_TASK STATEMENT_
Each entry is to be given again precisely, and no picture may be carried over.

_THE RECORDS_
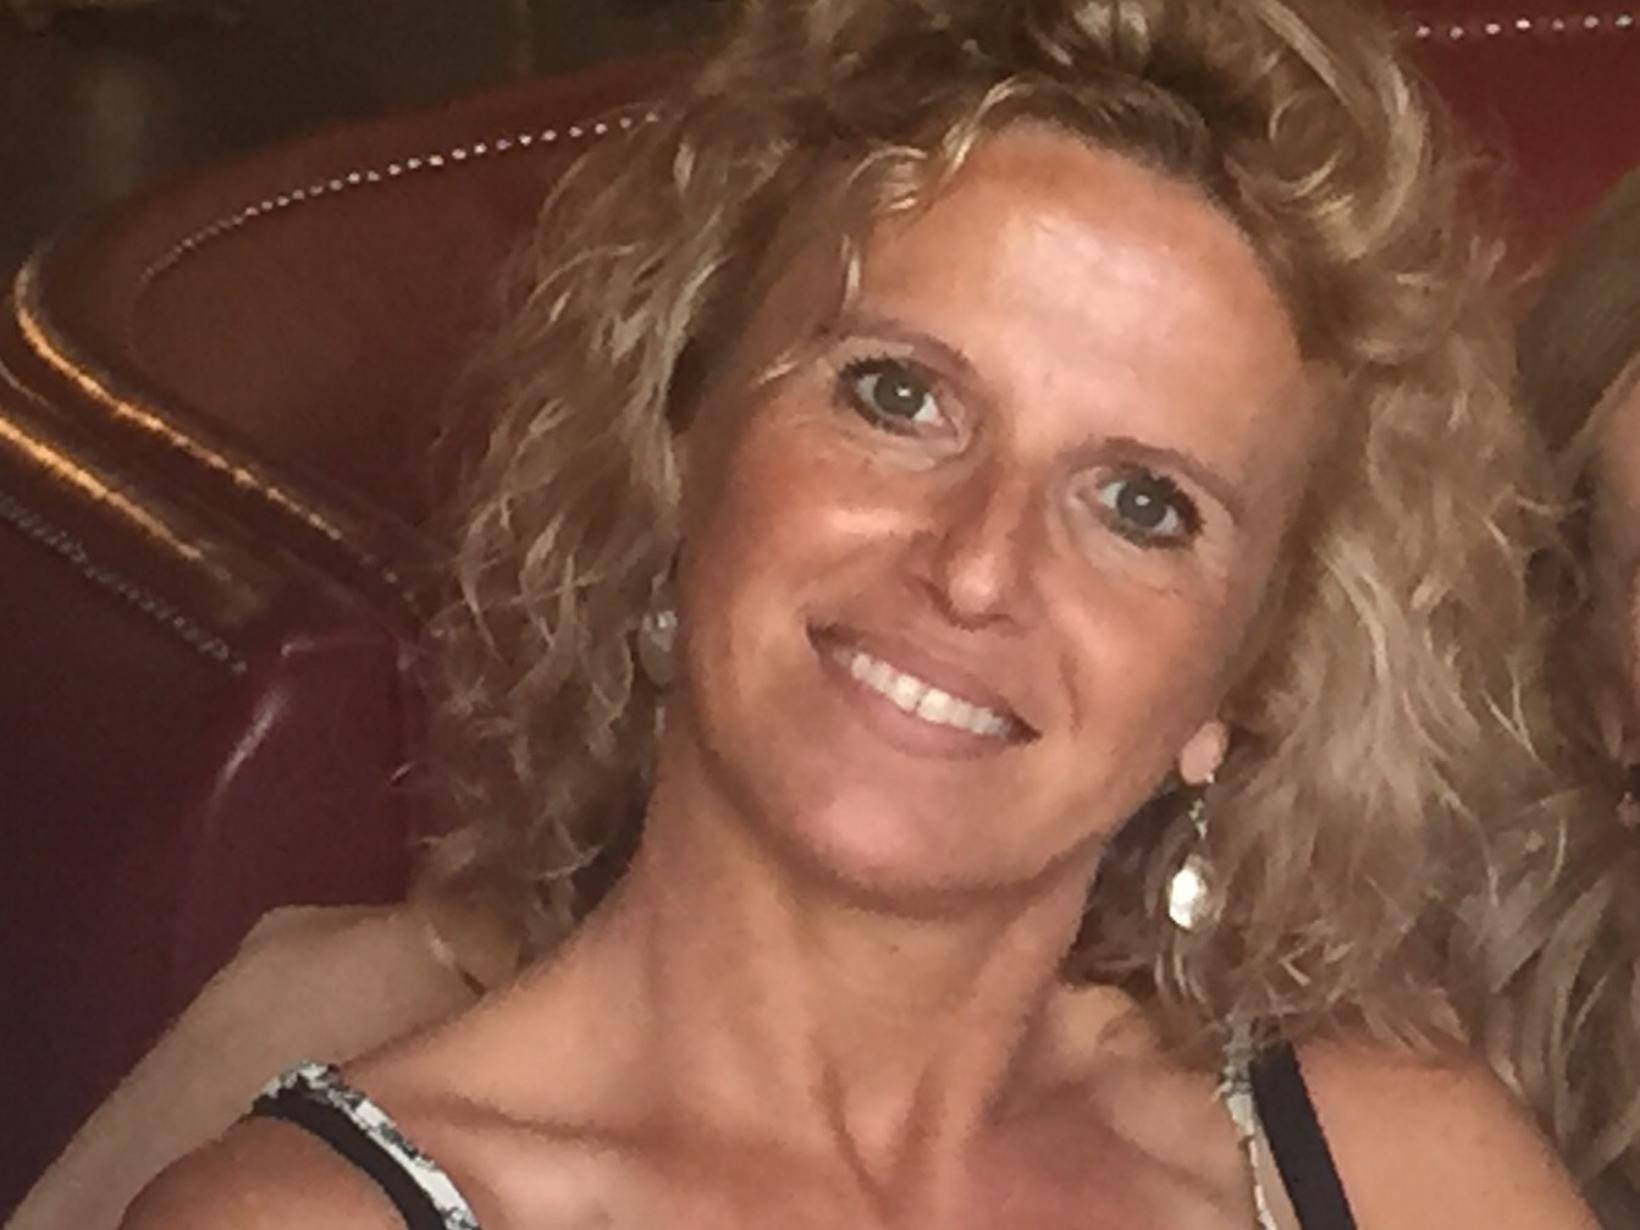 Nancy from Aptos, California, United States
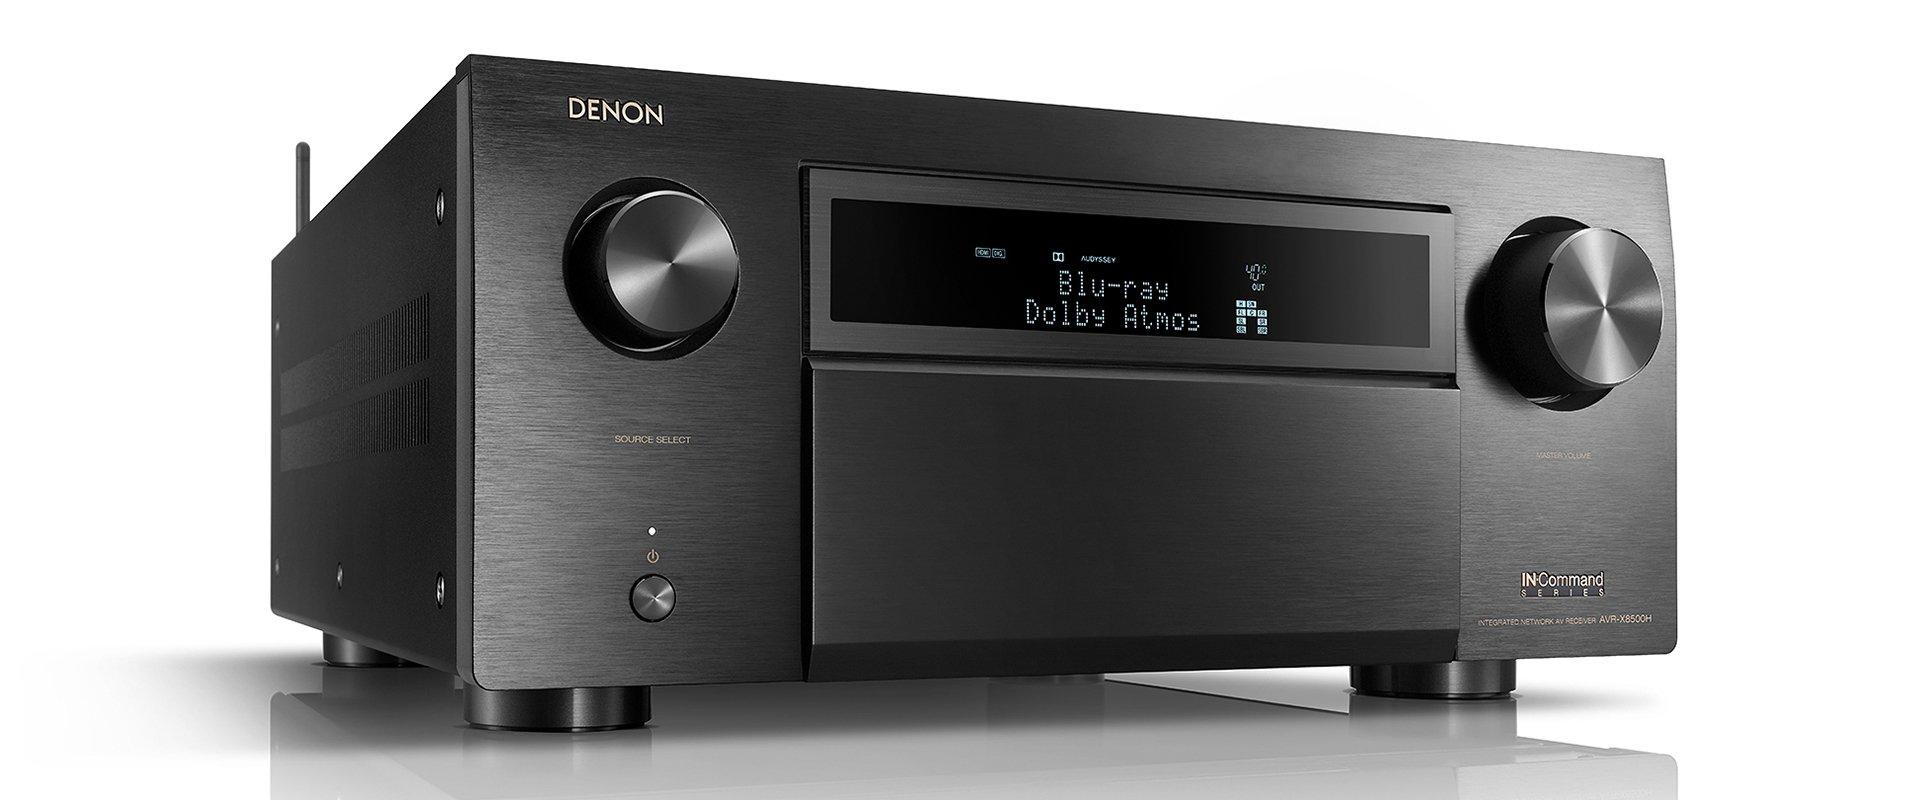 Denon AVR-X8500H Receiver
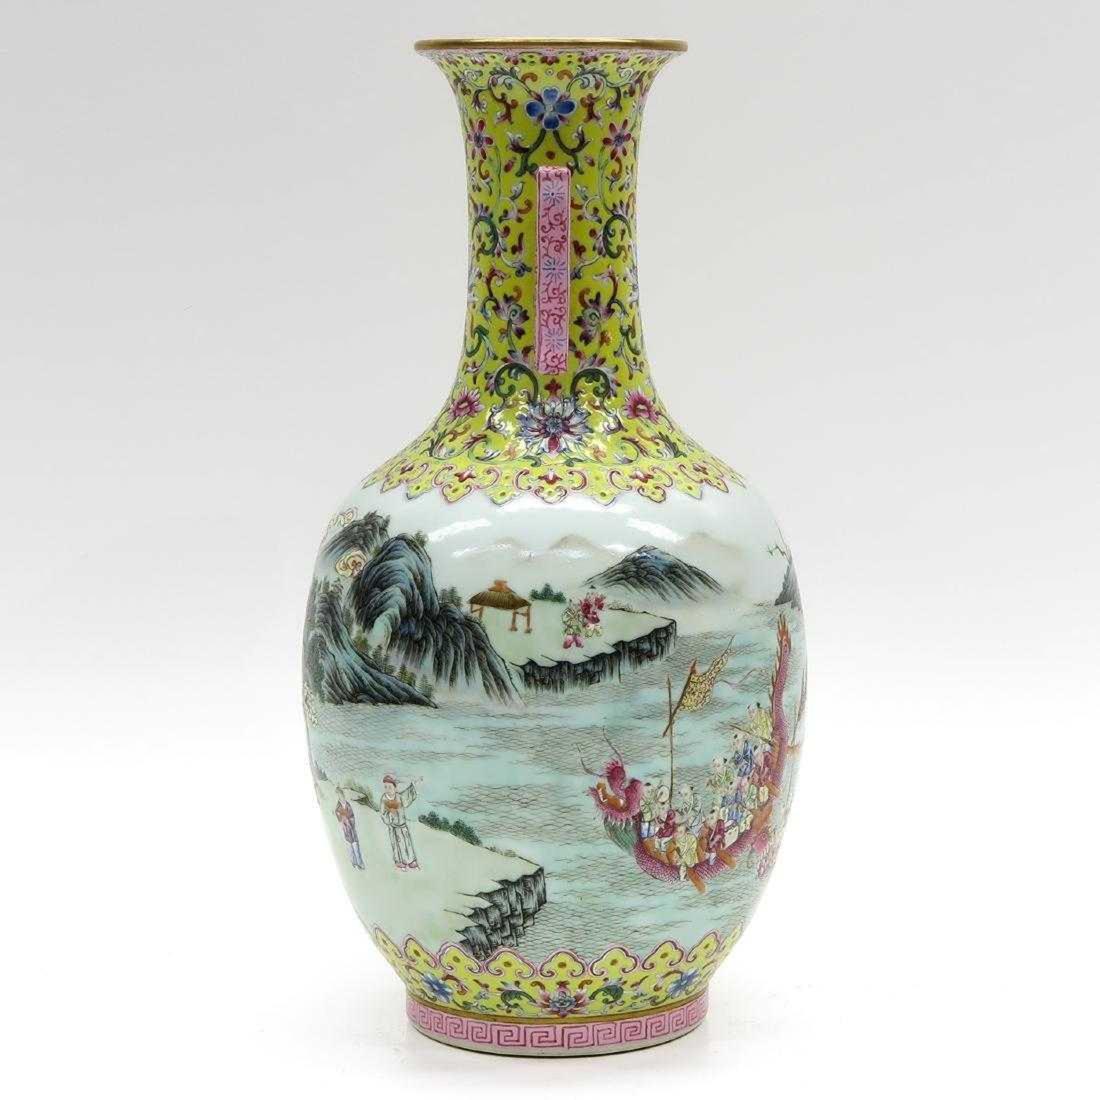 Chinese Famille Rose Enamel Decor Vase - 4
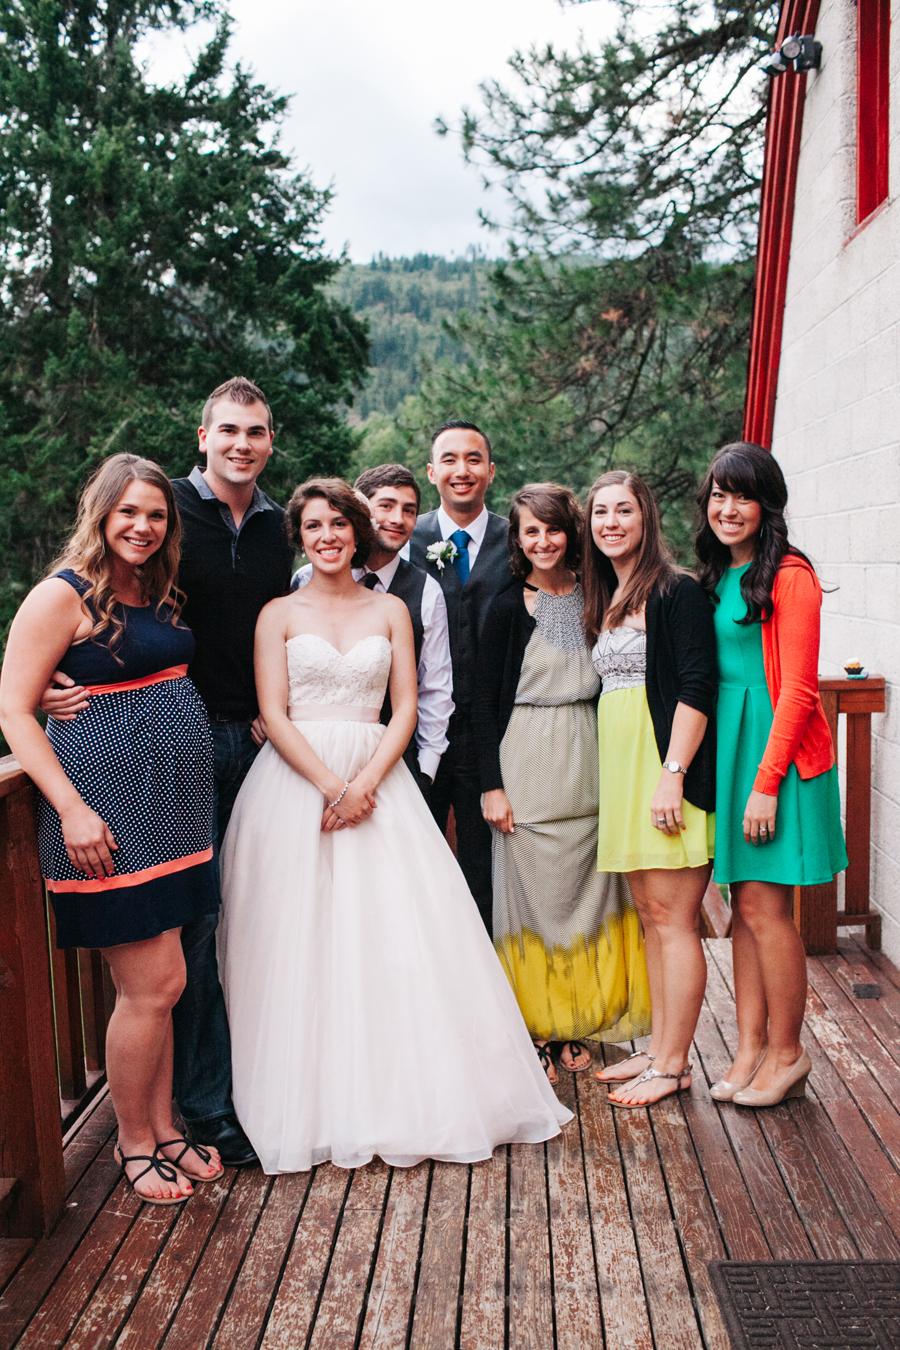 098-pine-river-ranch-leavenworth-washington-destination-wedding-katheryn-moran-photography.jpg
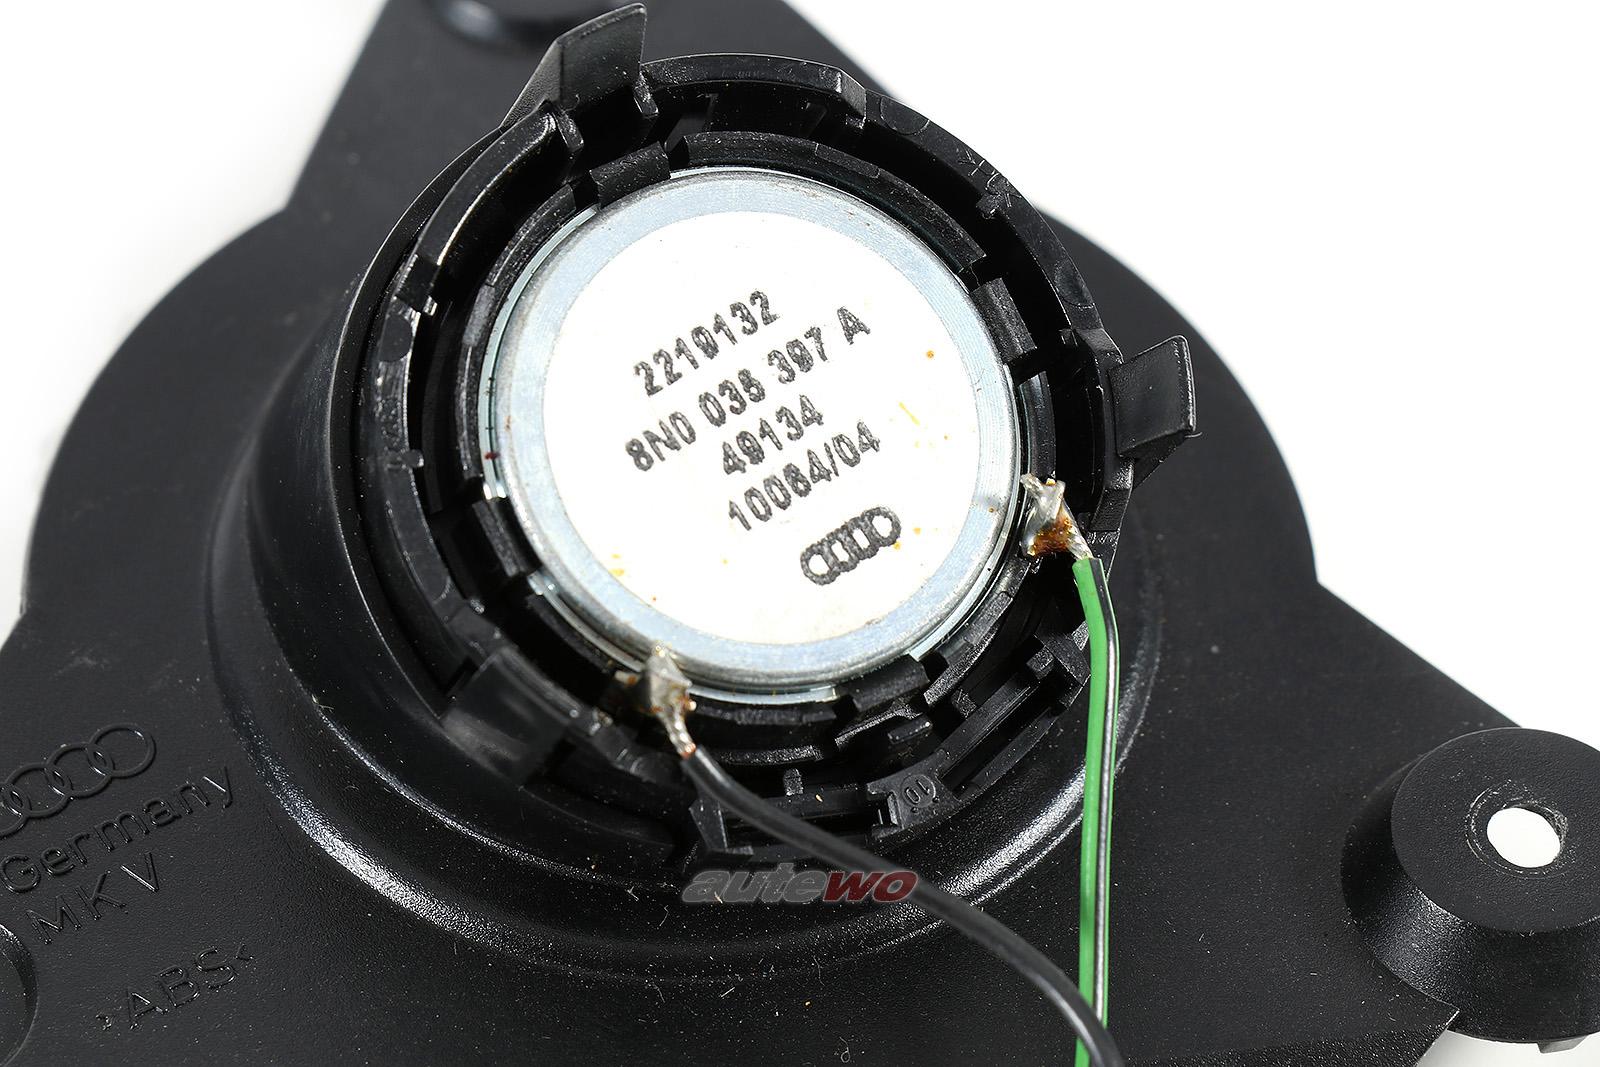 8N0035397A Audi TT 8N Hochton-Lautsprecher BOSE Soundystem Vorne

_YOUR RESPONSE_
 Nancy from Aptos, California, United States
 Denon AVR-X8500H Receiver
 Chinese Famille Rose Enamel Decor Vase - 4
 098-pine-river-ranch-leavenworth-washington-destination-wedding-katheryn-moran-photography.jpg
 8N0035397A Audi TT 8N Hochton-Lautsprecher BOSE Soundystem Vorne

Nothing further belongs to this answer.